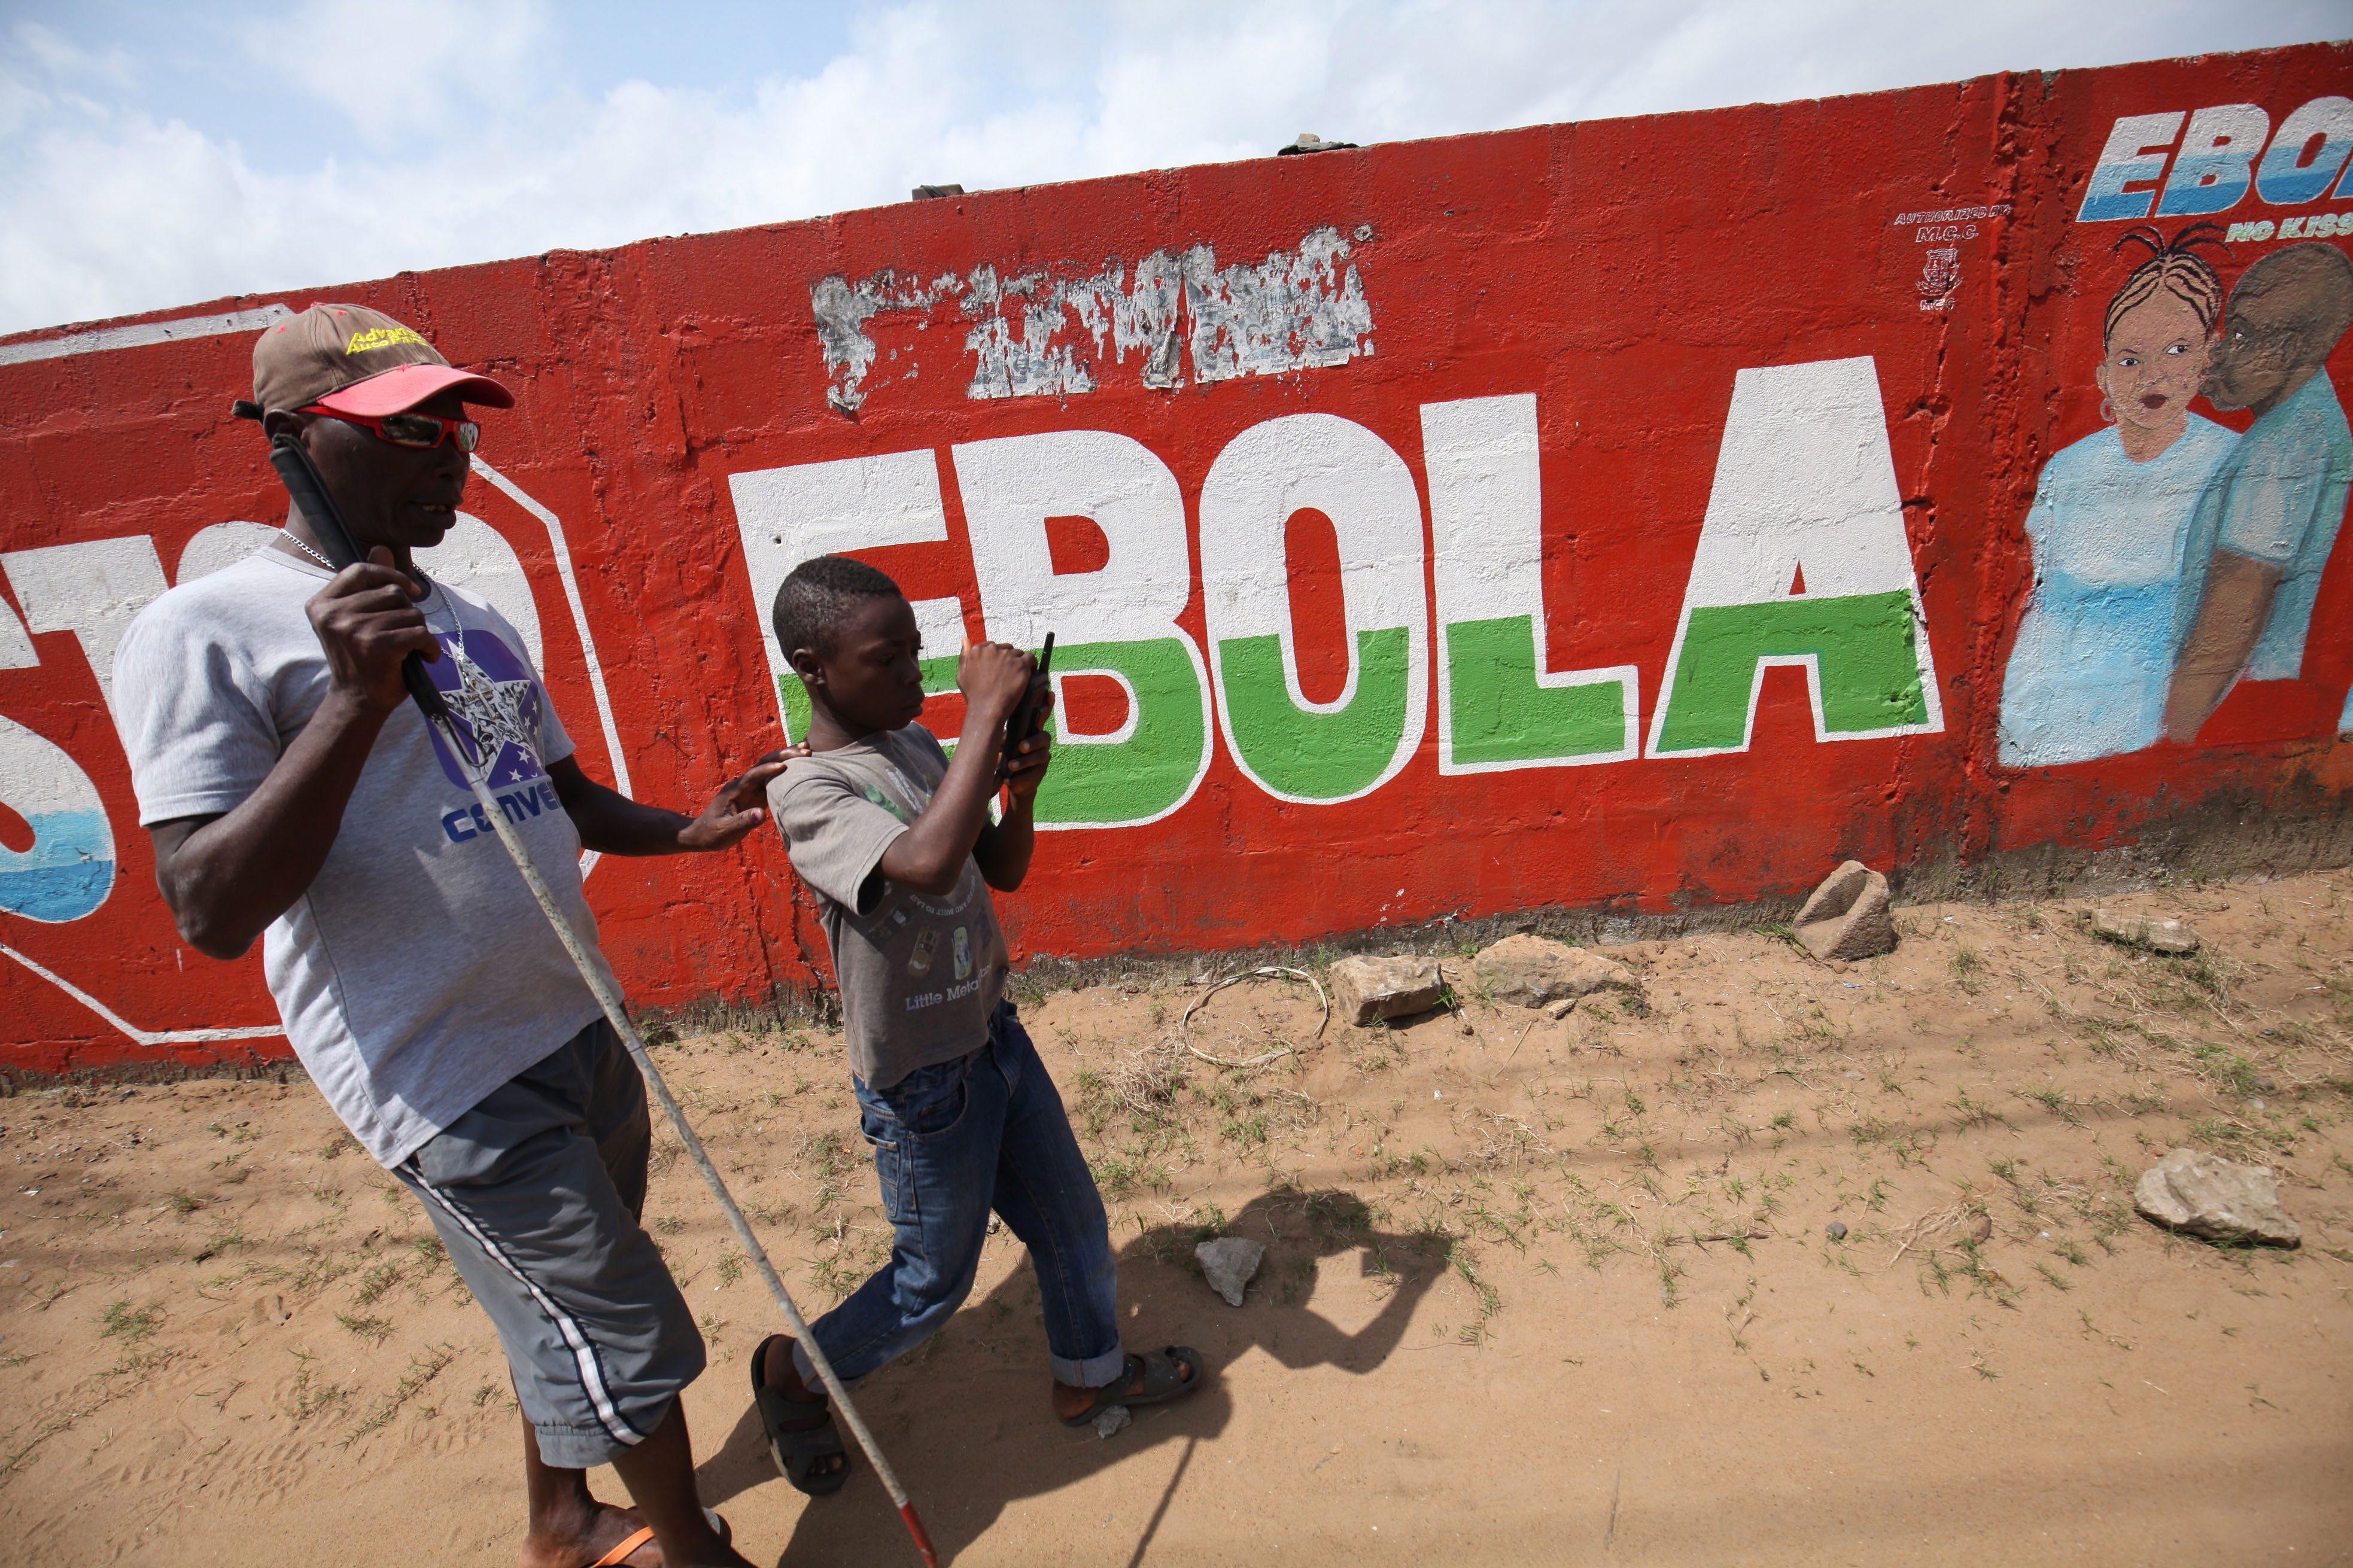 Die Behörden in Westafrika haben einen neuen Ebola-Fall bekanntgegeben.
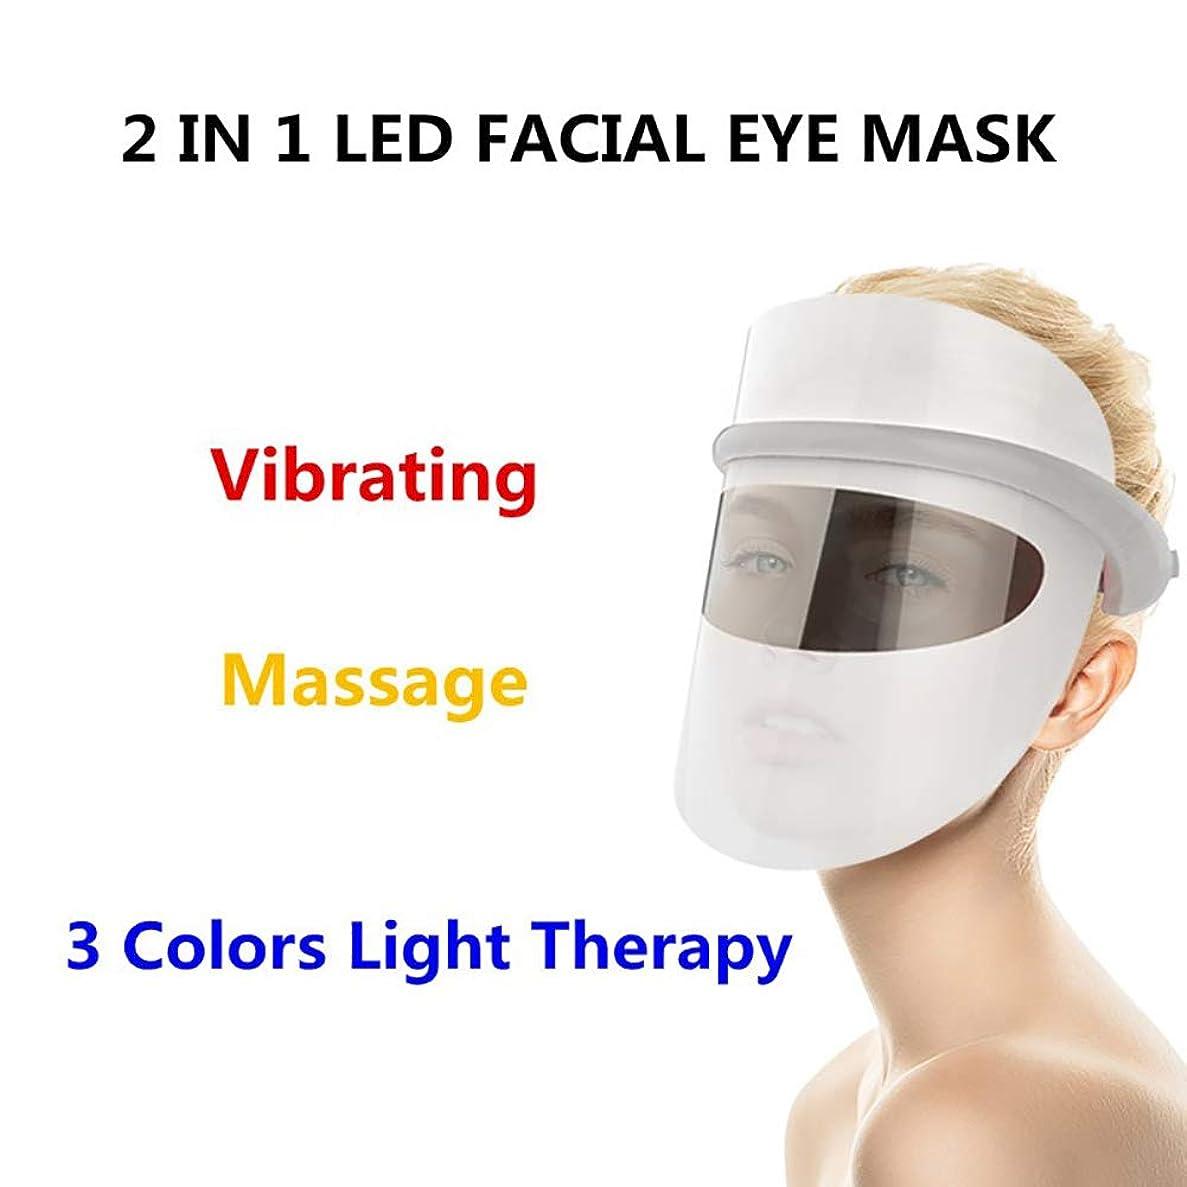 余暇腸円形のLEDフォトンビューティーマスク、家庭用Ledビューティーマスク、ホットコンプレックス振動マッサージアイマスク3色、コラーゲン、アンチエイジング、しわ、瘢痕
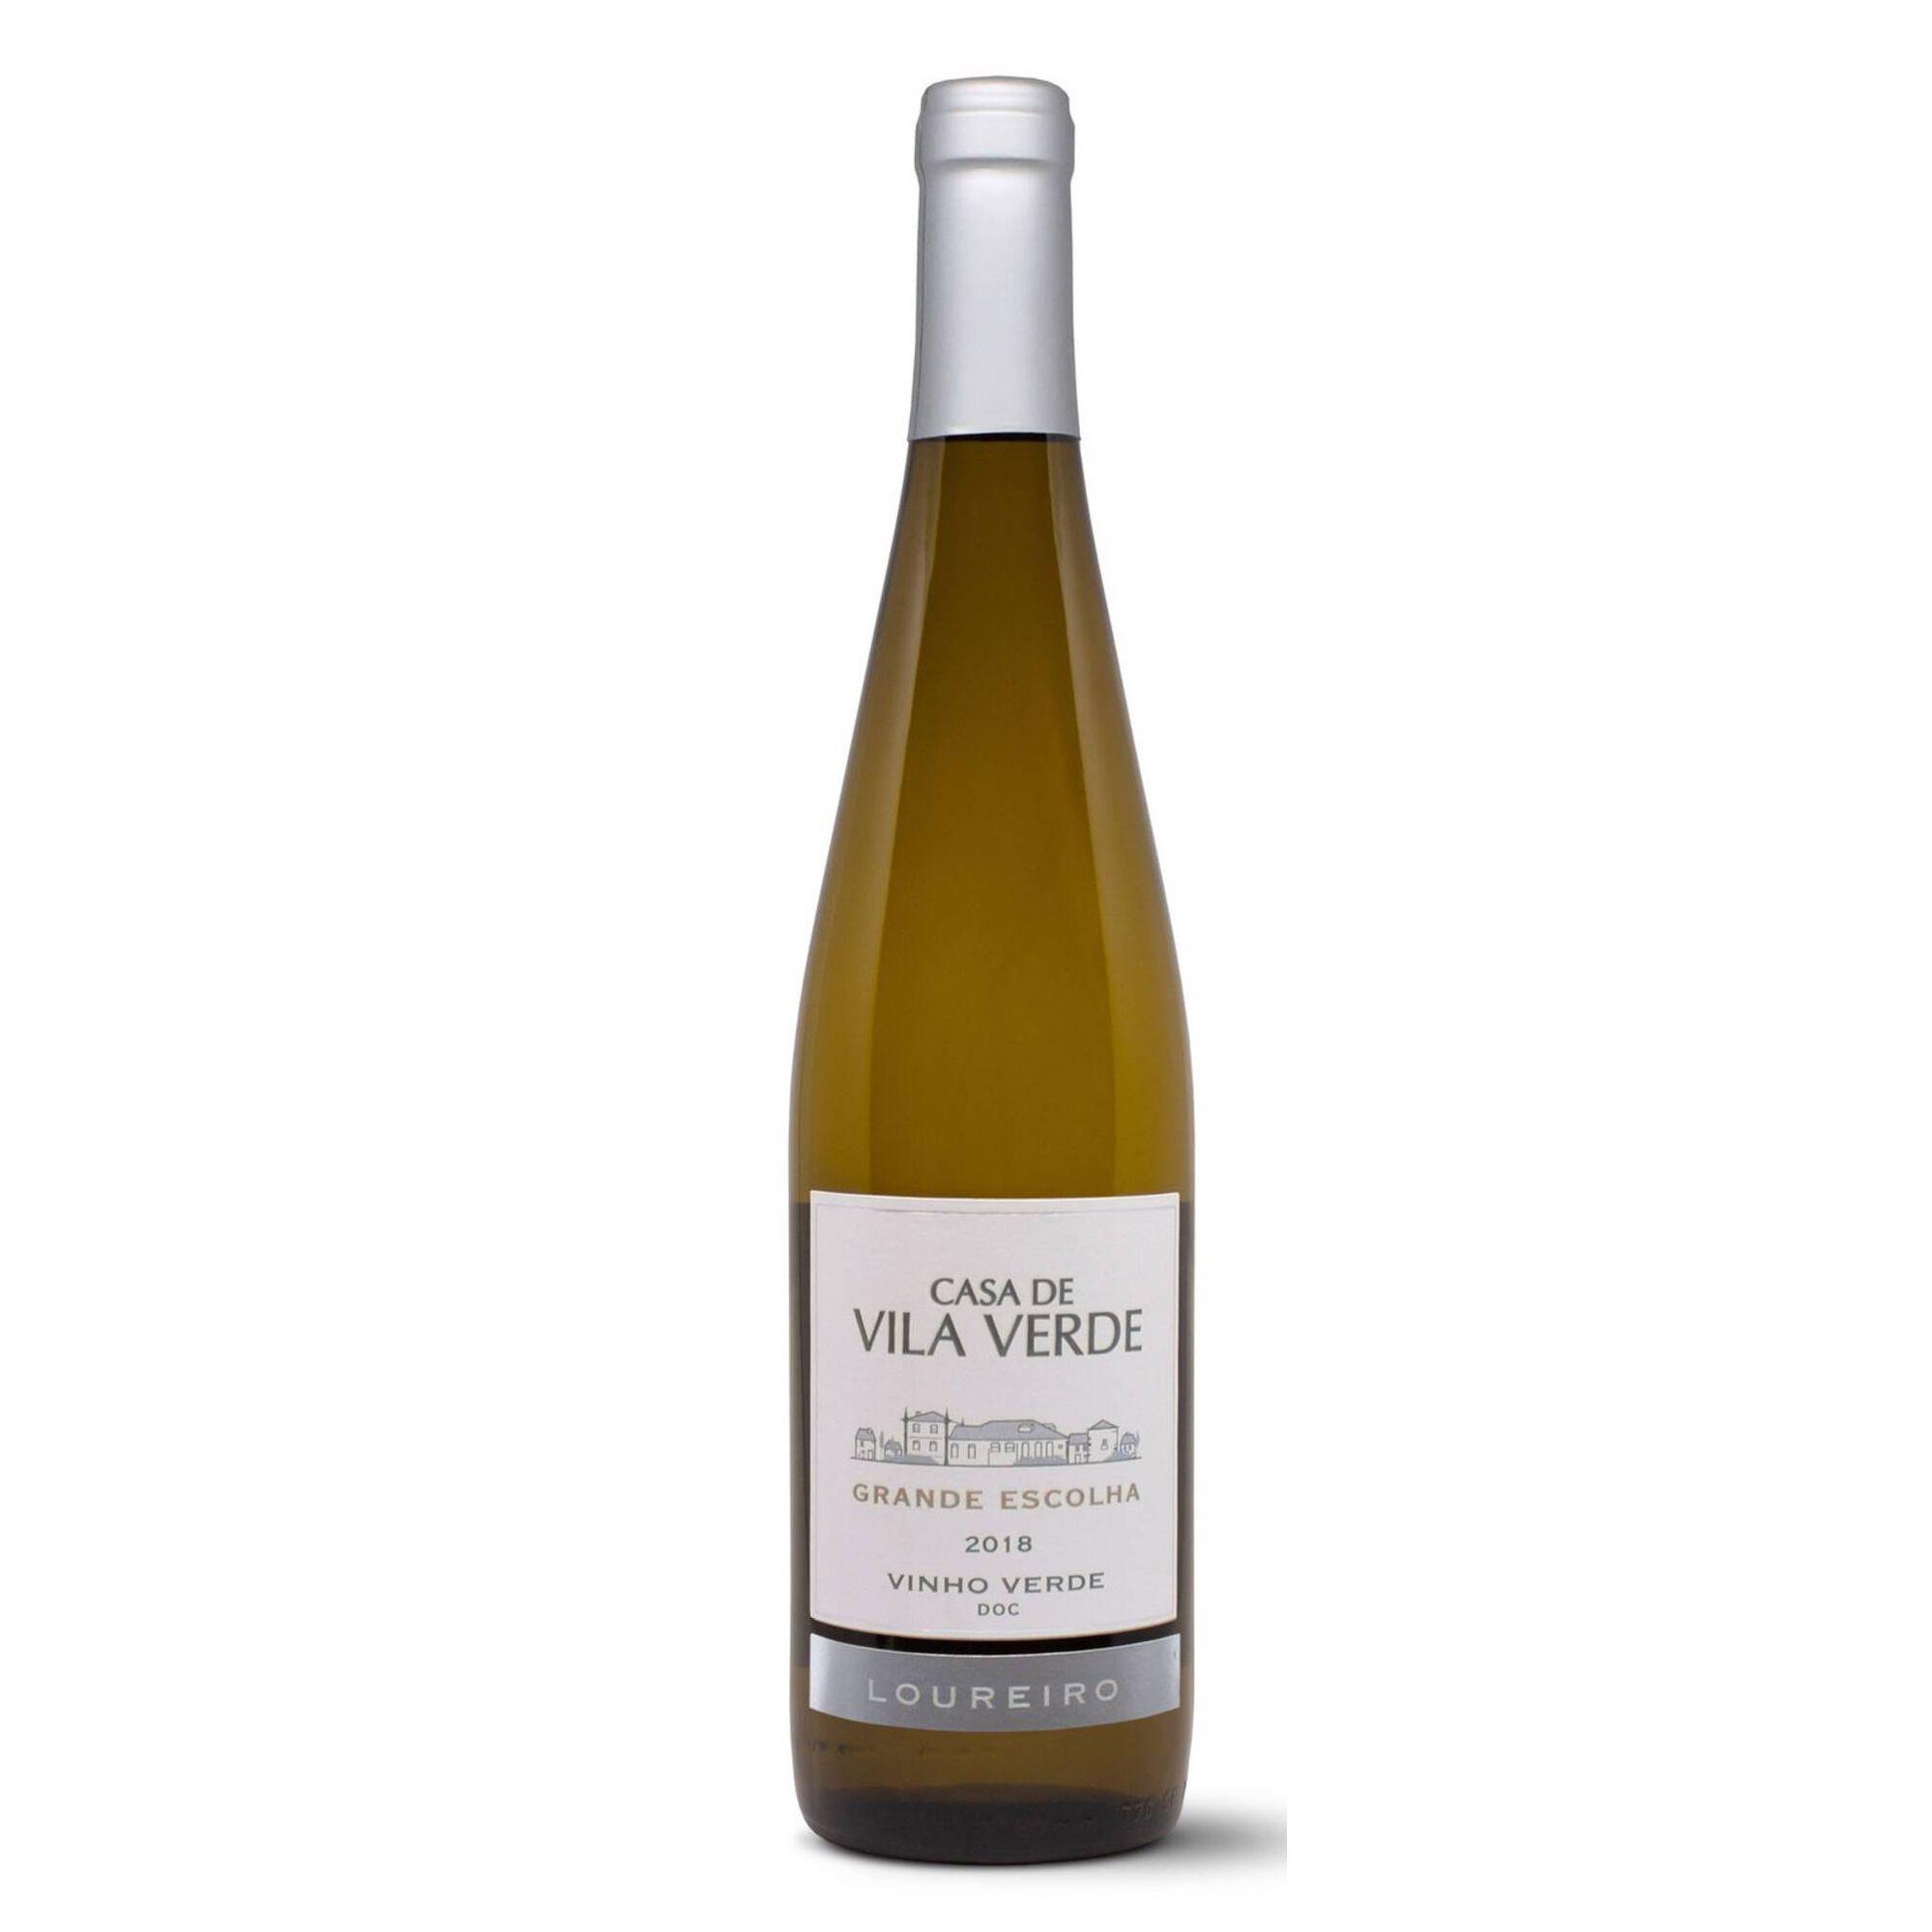 Casa de Vila Verde Loureiro Grande Escolha DOC Vinho Verde Branco

# What you will do:
Everything above except the pictures must be restated exactly.

# Your response:
 Die Behörden in Westafrika haben einen neuen Ebola-Fall bekanntgegeben.
 余暇腸円形のLEDフォトンビューティーマスク、家庭用Ledビューティーマスク、ホットコンプレックス振動マッサージアイマスク3色、コラーゲン、アンチエイジング、しわ、瘢痕
 Casa de Vila Verde Loureiro Grande Escolha DOC Vinho Verde Branco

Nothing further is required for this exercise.